ELISABETE SALRETA |
A minha filha é a minha maior crítica. Lê os meus textos e detesta histórias que acabam mal. Detesta as histórias em que mato os bichos, como ela diz.
Porque a perda de um animal é um sentimento real.
Para muitas pessoas não diz mais do que um qualquer objecto ou papel velho que se deita ao lixo. Para outras, é uma familiar que parte e ficam realmente doentes com essa dor.
Muitas vezes, o animal substitui aquele amigo, aquele irmão, aquele filho do qual temos uma necessidade de cuidar e que nos cuide. Nós somos tudo para eles e por vezes, não temos o menor problema em os decepcionar. Mesmo assim, não se afastam de nós. Como as crianças não têm como se afastar dos seus pais, apesar das sovas que posam apanhar. Está escrito na nossa informação genética a necessidade de cuidarmos e sermos cuidados. É essa a relação entre pais e filhos, independentemente do lugar que cada um tenha a dada altura. Os animais são os nossos filhos, e nós acabamos por ser tudo o que têm. Para os cães, pertencemos e somos uma matilha (família), em que somos dominantes. A esses seres ditos superiores, existe a obrigatoriedade de providenciar alimento e segurança. Tantas vezes falhamos. Mesmo assim, não somos escorraçados do seu coração e de bom grado nos perdoariam por tamanhas omissões.

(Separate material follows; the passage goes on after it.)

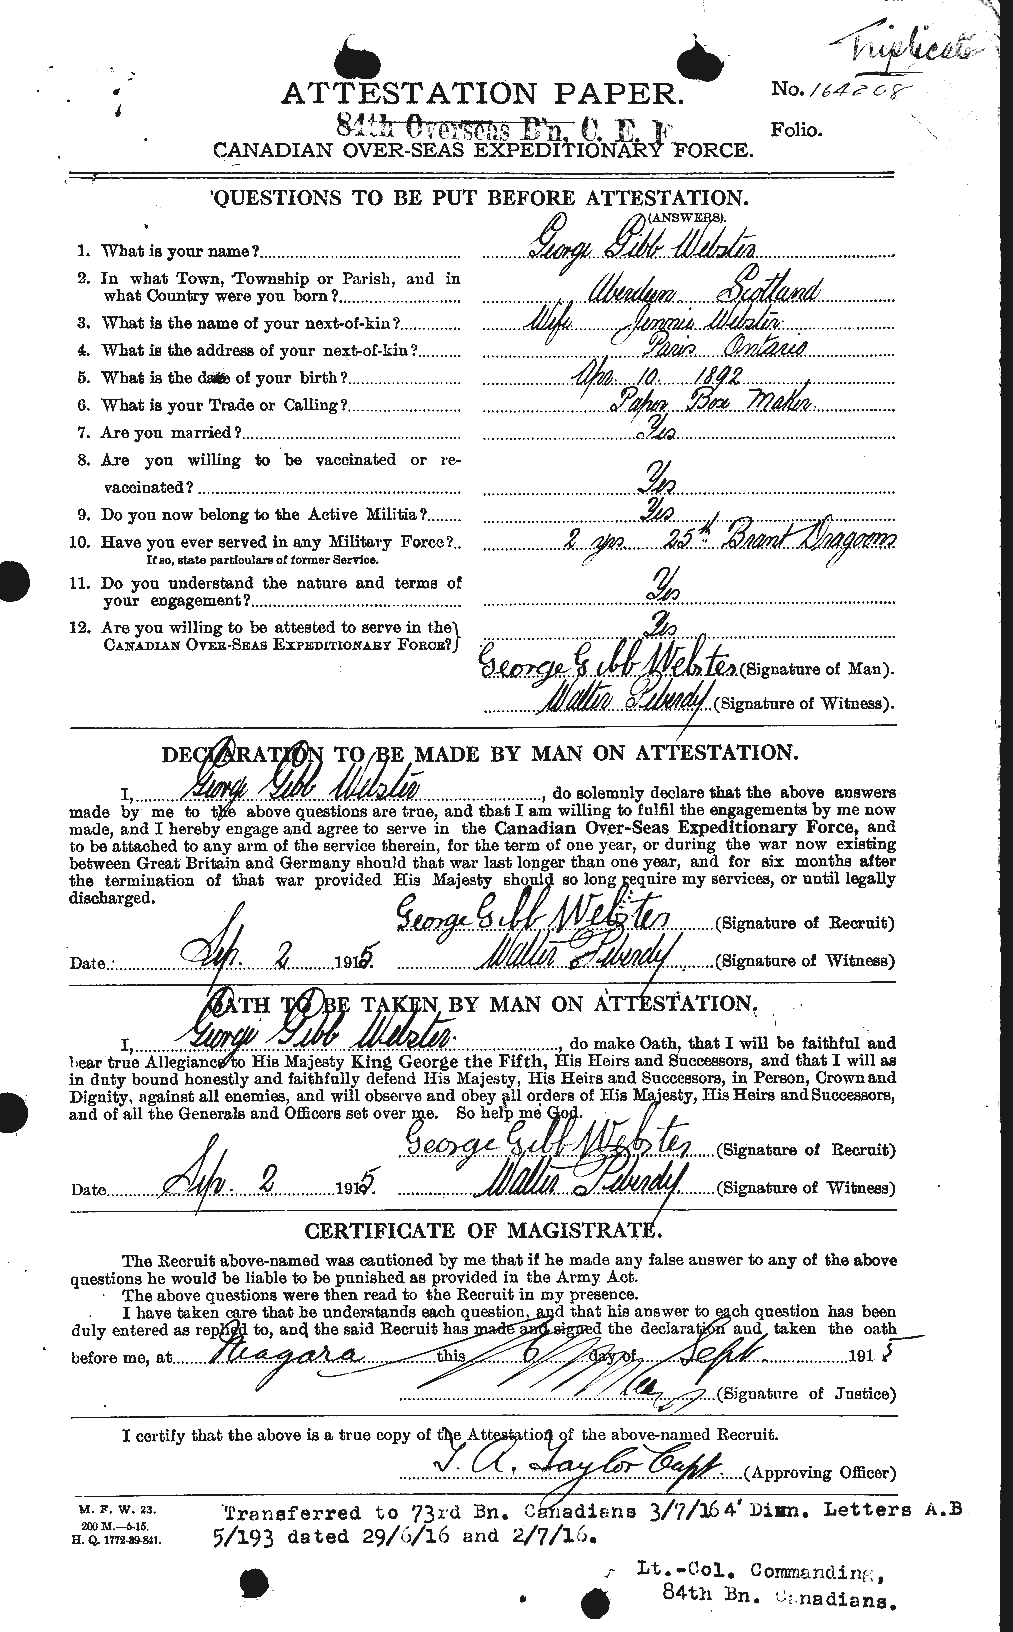 Personnel Records of the First World War - CEF 670387a

Os animais são grandes, bem mais desenvolvidos que os humanos imperfeitos que ainda guardam mágoa, rancor e tantos sentimentos que nos puxam para o abismo. Para eles, importa o agora. Vivem o momento.

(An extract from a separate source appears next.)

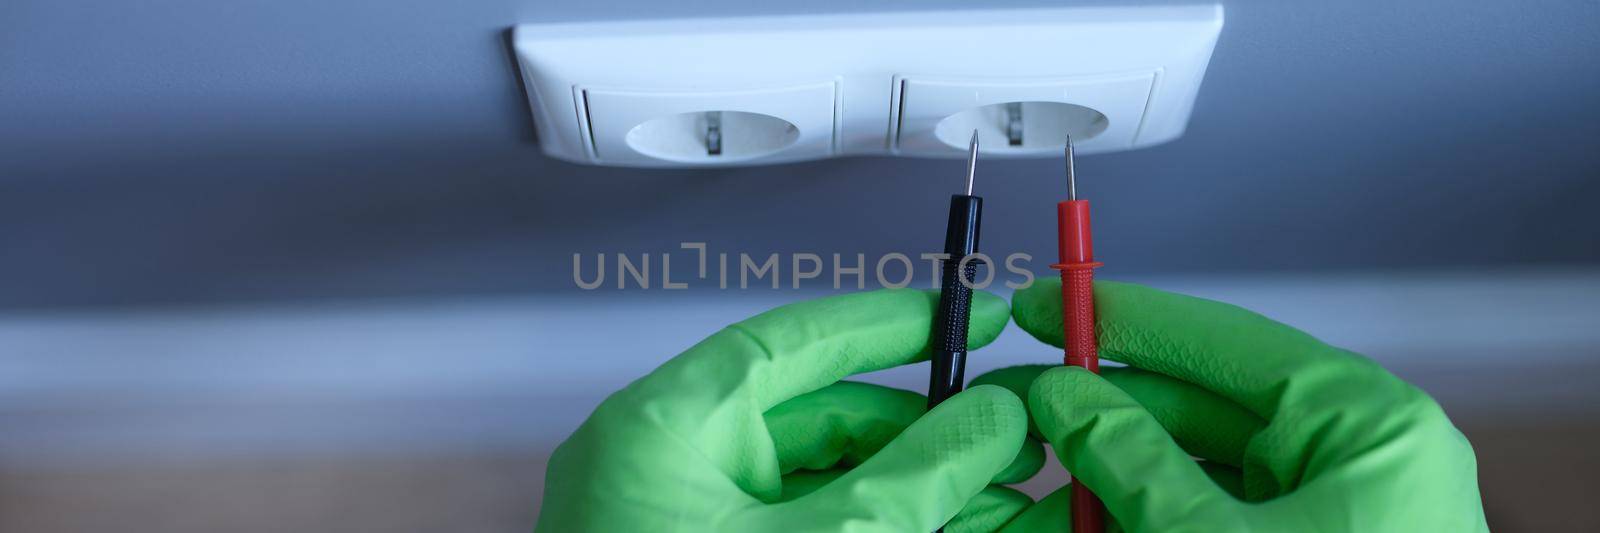 Craftsman in rubber gloves holding tester near electrical outlet at home closeup. Safety when working with electricity concept

O cão só se sente feliz quando está a ser útil ao seu tutor, mentor, dominante na família. E faz tudo. Até esquecer-se de si próprio. Dá até à última gota de sangue pelo bem maior que é a família. Não seriamos capazes de o fazer. Apenas o sentimento de uma mãe pela sua cria pode ser comparado a esta sensibilidade tão nobre.
Não admira que para muitos, perder um animal de companhia seja uma dor tão grande.
É lamentável que não sejamos nobres o suficiente para compreender este tipo de dor e que tantas e tantas vezes utilizamos a crítica para desculpar, camuflar a nossa falta de sensibilidade.
Certo é que tantos entram em depressão após tamanha perda. A sociedade não está preparada para o sentimento. Ainda hoje o sentimento é tido como sinal de fraqueza.
Não será fraqueza a inexistência de nobres sentimentos?
Para onde caminhamos?
Como sempre um relato interessante e actual da poetisa Elisabete Salreta. Parabéns!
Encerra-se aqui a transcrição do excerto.